In his latest comments, he said he planned to go ahead with the so-called E-1 development plan, which calls for building some 3,500 homes in the land between East Jerusalem and the large Maale Adumim settlement. Maale Adumim, which has more than 30,000 residents, is a couple of miles from East Jerusalem.

“It’s entirely clear that the continuity between Jerusalem and Maale Adumim will be a built-up continuity,” Mr. Olmert was quoted by Haaretz as saying. “In my view there is an absolute consensus in Israel on this issue.”

There was this earlier:-

In early 2005, the Ma’ale Adumim city council announced plans for the residential neighborhood and the police station, and in August of that year, there were submitted for public review, a bureaucratic formality preceding final authorization. The same months, Netanyahu kicked off his campaign to regain leadership of the Likud in E1 and a day later, vice premier Ehud Olmert declared that Israel would build homes to connect Ma’ale Adumim to Jerusalem “at the appropriate time.”

 And this:

In October 1994, while in the midst of hammering out the Oslo Accords, then-prime minister Yitzhak Rabin declared that a “united Jerusalem” would include Ma’aleh Adumim as the capital of Israel under Israel sovereignty. As part of the effort to make sure Ma’aleh Adumim remained an integral part of a “united Jerusalem,” Rabin provided then-mayor Benny Kashriel with annexation documents for the E1 area –a strip of land that connects the capital with Ma’aleh Adumim. As prime minister in 1996, Shimon Peres reaffirmed the government’s position that Israel will demand applying Israeli sovereignty over Ma’aleh Adumim in the framework of a permanent peace agreement. Dovish politician and co-author of the Geneva Initiative, Yossi Beilin, supported annexing Ma’aleh Adumim. And the 2000 Clinton Parameters called for Israel to be compensated for the partitioning of Jerusalem by annexing Ma’aleh Adumim. During the 2008 Annapolis negotiations, then-prime minister Ehud Olmert and then-foreign minister Tzipi Livni demanded that Ma’aleh Adumim remain a part of Israel.
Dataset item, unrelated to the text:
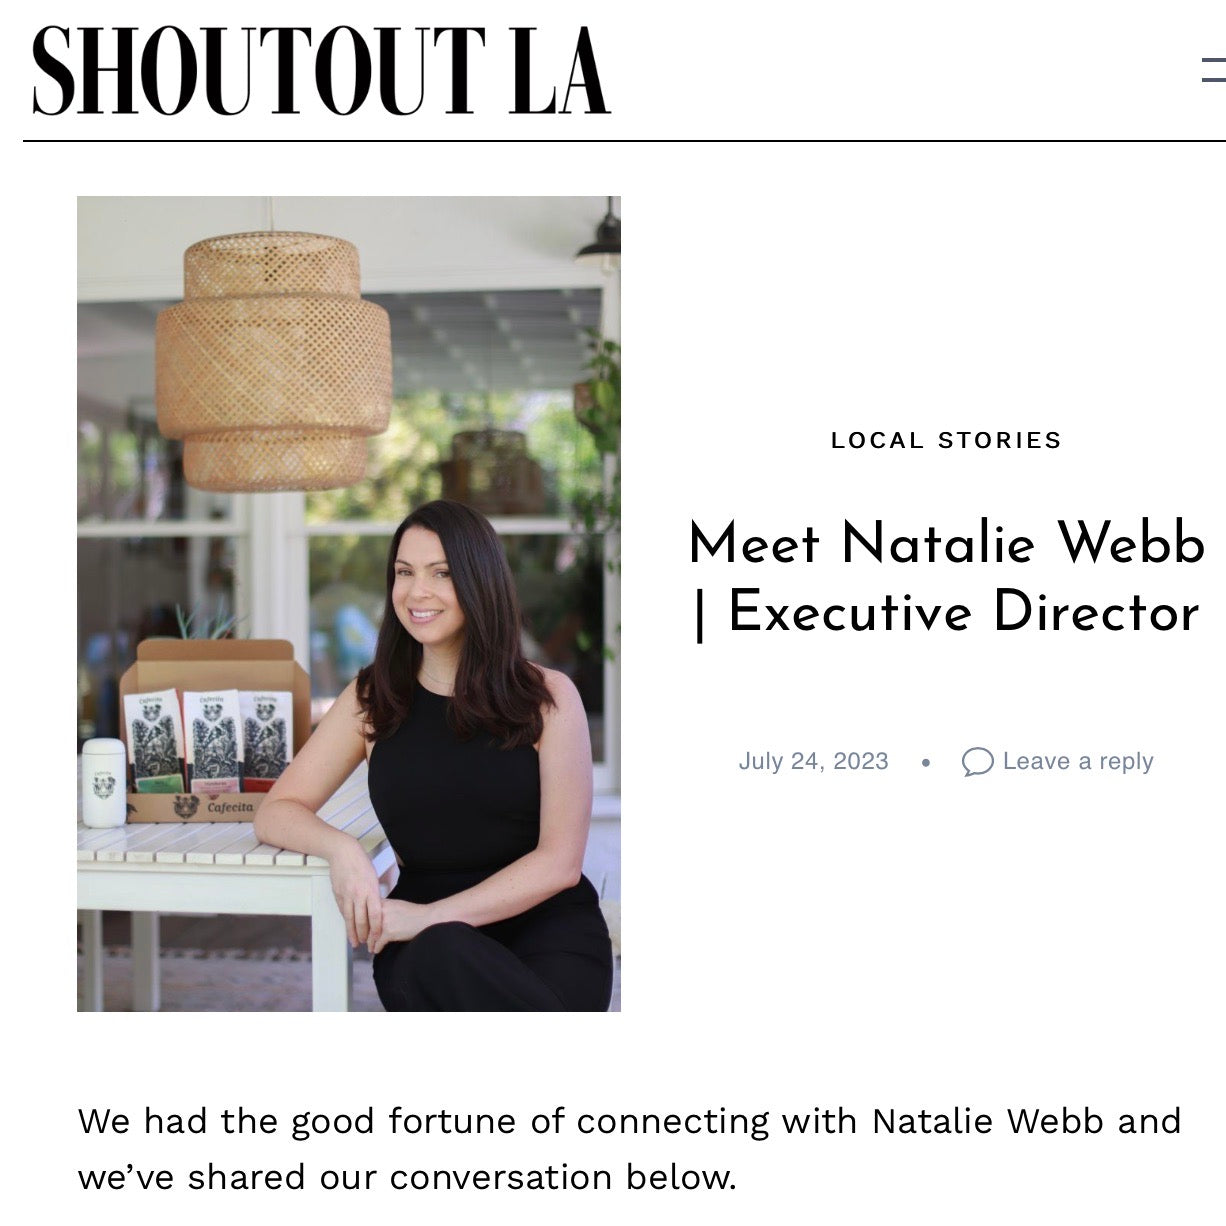 Shoutout LA interviewed Cafecita's founder, Natalie, about our social impact

So, who is kidding who when he now said:

“there was one request by the American government — and there was no question president [George] Bush and [secretary of state] Condoleezza Rice were friends of Israel — they asked me, ‘Please don’t build in E1, because if you do, it will be beyond the capacity of the Palestinian leadership to sit with you.’”

Olmert said he told the American administration that “one day Maaleh Adumim will be part of Israel because we will not leave them as an enclave.” But, he added, his government agreed not to build in the area in order to enable negotiations with the Palestinian Authority to take place.

E1, Olmert suggested, was a point of particular concern for the American administration.

“So [for the Netanyahu government] to build in this one piece of land,” he said, “requires creativity which is beyond my comprehension.”